Araneta was booked to face Sivenathi Nontshinga in an IBF light flyweight title eliminator on 24 April 2021, at the Boardwalk Casino in Gqeberha, South Africa, in what was only his second fight outside of the Philippines. He lost the fight by unanimous decision, with two judges scoring the bout 114–113 for Nontshinga, while the third judge awarded him a 115–112 scorecard. Araneta scored the sole knockdown of the fight in the twelfth round, dropping his opponent with a straight left.

Following his second professional loss, Araneta was scheduled to face Richard Claveras on 16 July 2021. He made quick work of his opponent, forcing a corner stoppage at the 1:51 minute mark of the opening round.

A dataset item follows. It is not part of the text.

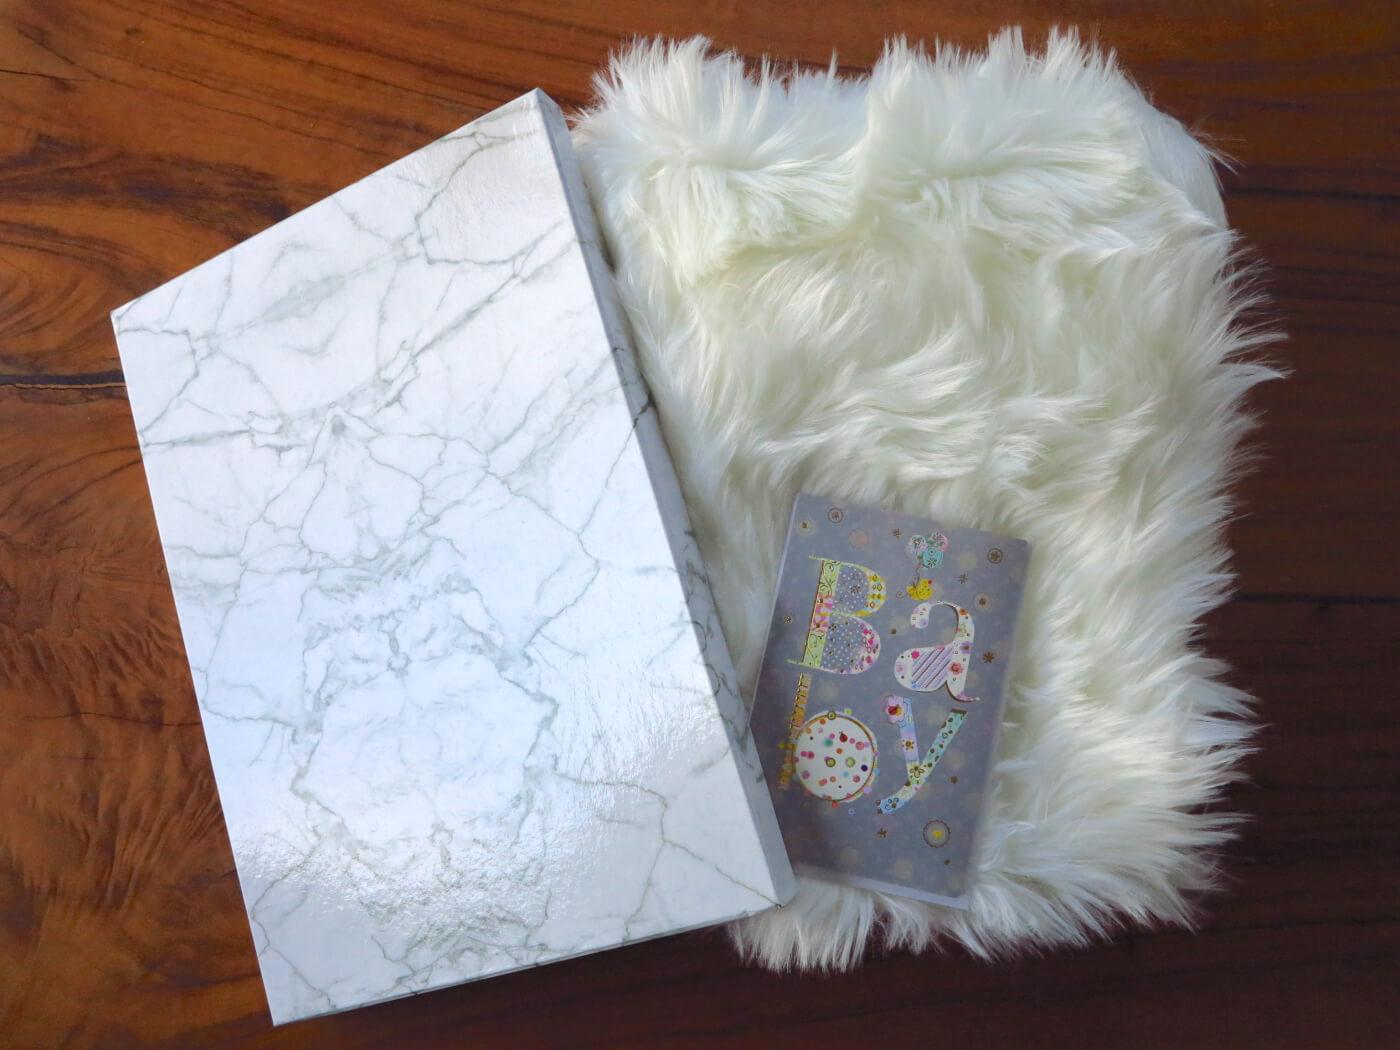 Picture of: Jacinda Ardern S Baby Gift From Peta A Faux Sheepskin Rug Media Centre Peta Australia

Araneta faced Arnold Garde on 22 October 2021, in his final fight of the year. He once again won by a first-round stoppage.

Araneta faced the one-time WBA mini-flyweight title challenger Toto Landero at Kumbati 13 on June 17, 2022. He won the fight by unanimous decision. Araneta next faced the Thai veteran Jakrawut Majungoen on 1 April 2023. He won the fight by a ninth-round knockout.

Araneta was eventually arranged against compatriot Arvin Magramo for the IBF light-flyweight title eliminator, taking place at the Nustar Resort and Casino in Cebu, serving as the main event of the Kumbati 16 boxing card, during the match, Araneta started quick and eventually connected an uppercut that scored a knockdown in the first-round of their affair, Magramo was able to beat the count, however, Araneta immediately went back into the attack and threw a left hand followed by a right hook en route to a stunning first-round referee stoppage.

===IBF light flyweight championship===
====Araneta vs. Simsri====
As Masamichi Yabuki vacated the IBF light flyweight world championship to campaign at the flyweight division, No. 1 IBF-ranked Araneta is set to face No. 2 ranked knockout artist Thanongsak Simsri for vacant IBF light flyweight world championship. On 26 April 2025, it was confirmed that their bout was finalized and will take place on June 19, 2025 at the Ota City General Gymnasium in Tokyo, Japan.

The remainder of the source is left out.